I’ve always had a strong sense of right, wrong, and justice. Of wanting to make a difference and right all the world’s wrongs. Even founding and leading a Happy Helper’s Club in my childhood neighborhood, and working zealously at it.

But combined with my perfectionist tendencies, this black and white mentality made me think it was my duty to set myself and others straight through tough sternness.

Yet when I think of Christ the image of strong gentle love comes through. Yes, he was tough and stern sometimes, like in clearing the temple of money changers. But he was always a man with gentleness, strength, and wisdom all rolled into one. And I realized that was what I wanted and needed to reclaim.

So I prayed for gentleness all throughout 2017.

And one of the things I prayed was, “Lord, make me a woman of few words that really count.” The less we speak, the less possibility there is of uttering harsh and impatient words. Few, but kind and thoughtful words I’d learned, carry weight and substance.

I could have named GENTLENESS as my word of the year for 2017, as many bloggers have been doing for years. But I’m not one to quickly jump on band wagons. So though it could have been my “word of the year” it was really just a prayer born of strong need.

For many years, I had lamented my lack of the Spirit’s fruit. I longed for it, but never really worked at having it. I had failed to take Peter’s words to heart.

“Make every effort to supplement your faith with virtue…” (1 Peter 1:5).

But by concentrating on gentleness, I started seeing more of it in my heart and life.

Reflecting on and praying over verses that speak of gentleness for that entire year changed me from the inside. I was allowing God to write his words on my heart. And working at diligently supplementing my faith with the fruit of the Spirit.

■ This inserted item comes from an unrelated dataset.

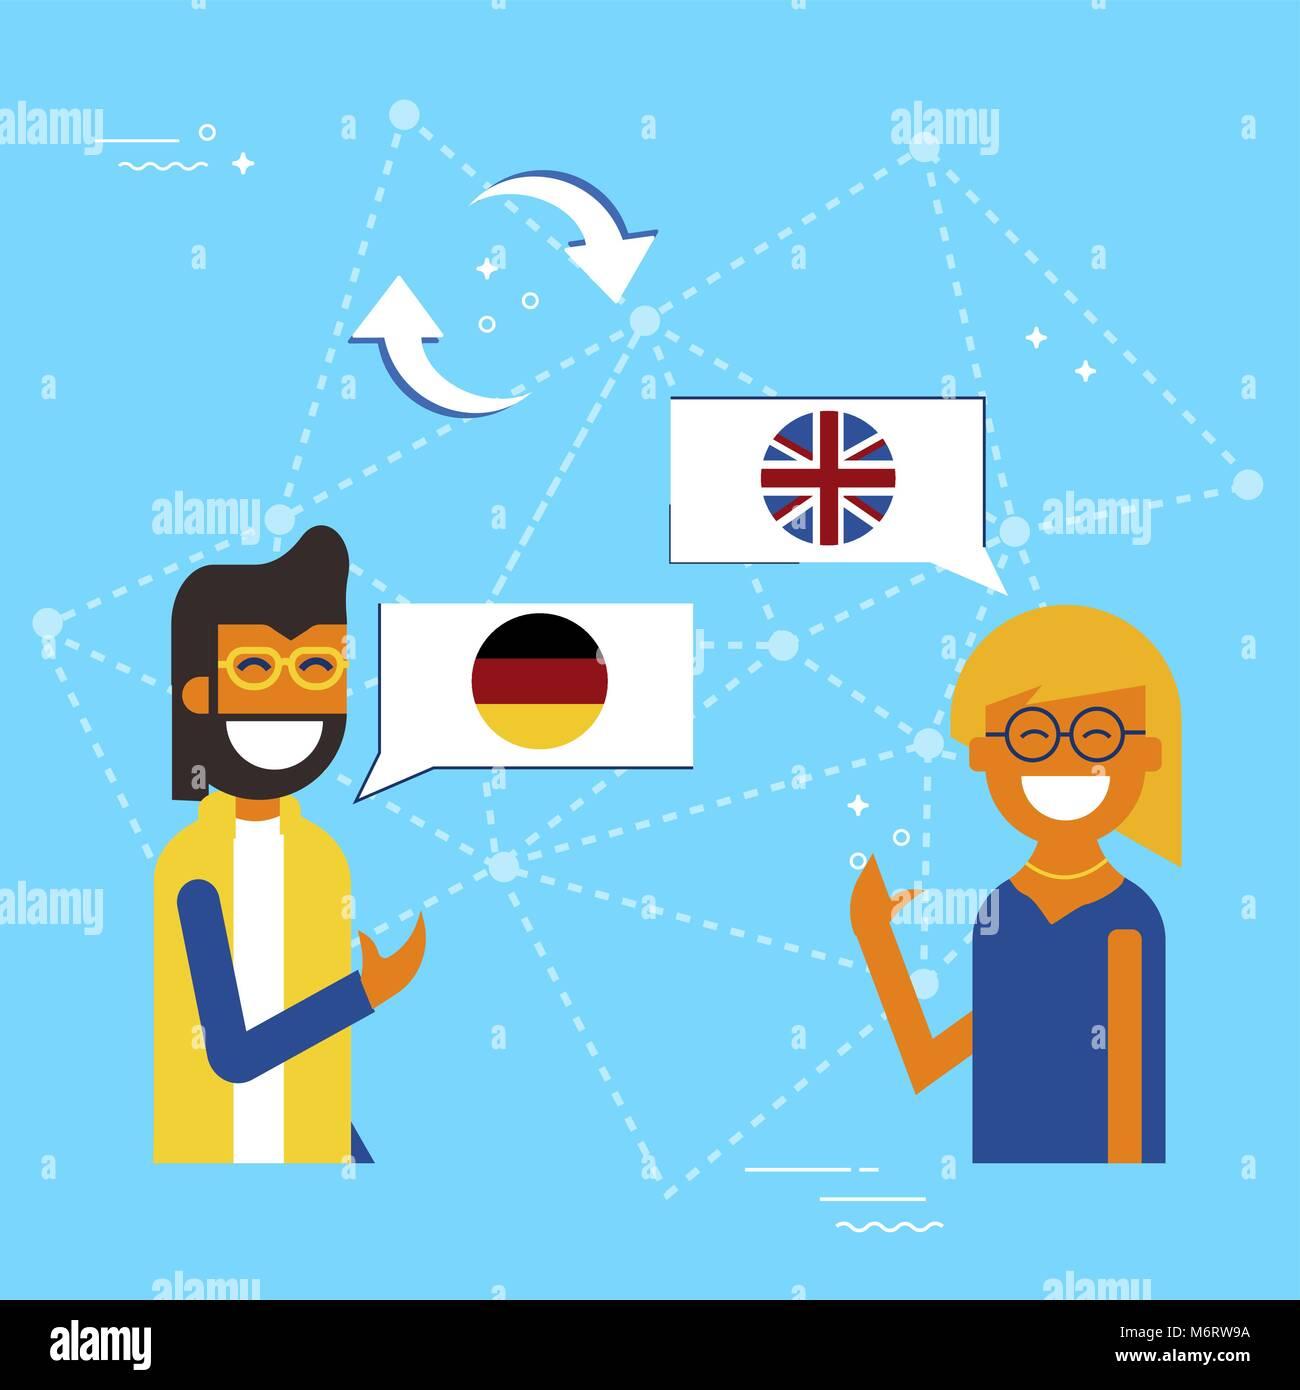 EFFIE: International friends online

We have a whole new year ahead. Will we stay the same? Will we take those blank pages and never let the Holy Spirit write on them?

Or will we decide to work with him at writing just a bit of newness of life on them each day?

[Image by congerdesign via Pixabay.com; CC0]

8 thoughts on “Gentleness and the Blessing Tree

  1. I really enjoy this 🙂 Christ was and is gentle. We only see HIm get stern when it comes to other believers and their approach to sinners and others. That definitely speaks something.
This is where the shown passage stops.